#### Input data ####
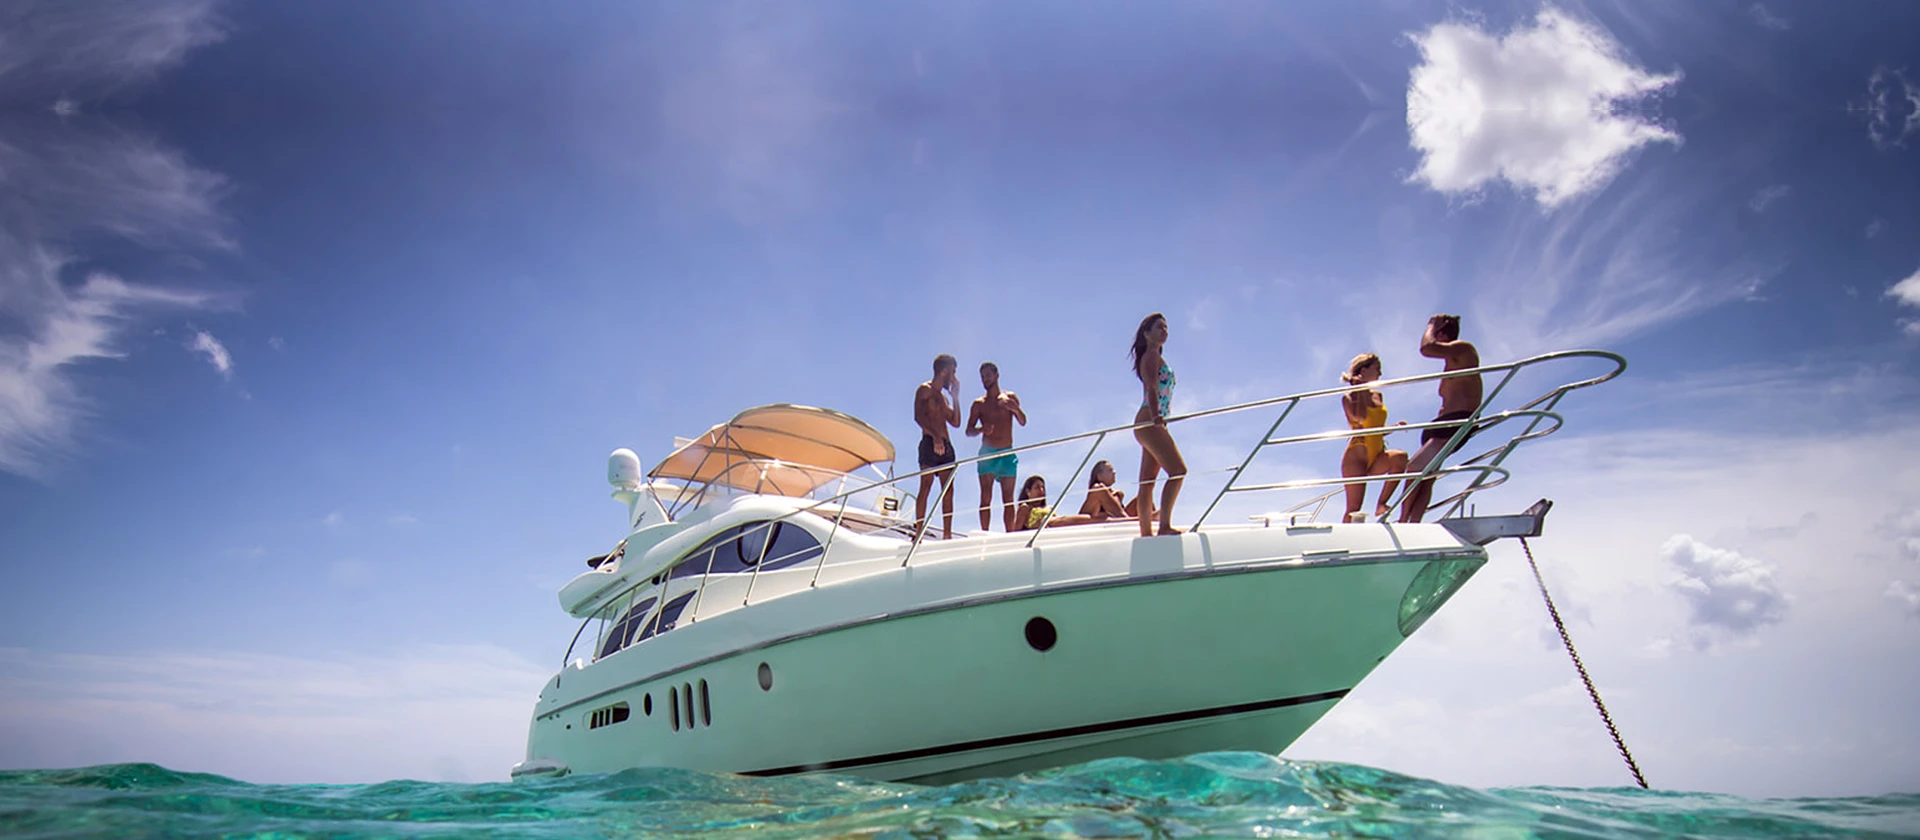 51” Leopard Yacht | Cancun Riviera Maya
####
#### Input data ####
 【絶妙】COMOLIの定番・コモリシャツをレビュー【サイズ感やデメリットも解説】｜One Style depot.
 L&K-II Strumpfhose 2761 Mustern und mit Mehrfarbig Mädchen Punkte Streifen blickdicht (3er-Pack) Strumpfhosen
####
#### Input data ####
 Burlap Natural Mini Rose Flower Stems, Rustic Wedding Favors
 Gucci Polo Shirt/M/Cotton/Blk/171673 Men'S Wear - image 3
####
▶ _Task prompt_: From the records above, print only the lines between the one holding "Burlap Natural Mini" and the one holding "Gucci Polo Shirt/M/Cotton/Blk/171673", inclusive, exactly as they stand.

▶ _Task solution_:
 Burlap Natural Mini Rose Flower Stems, Rustic Wedding Favors
 Gucci Polo Shirt/M/Cotton/Blk/171673 Men'S Wear - image 3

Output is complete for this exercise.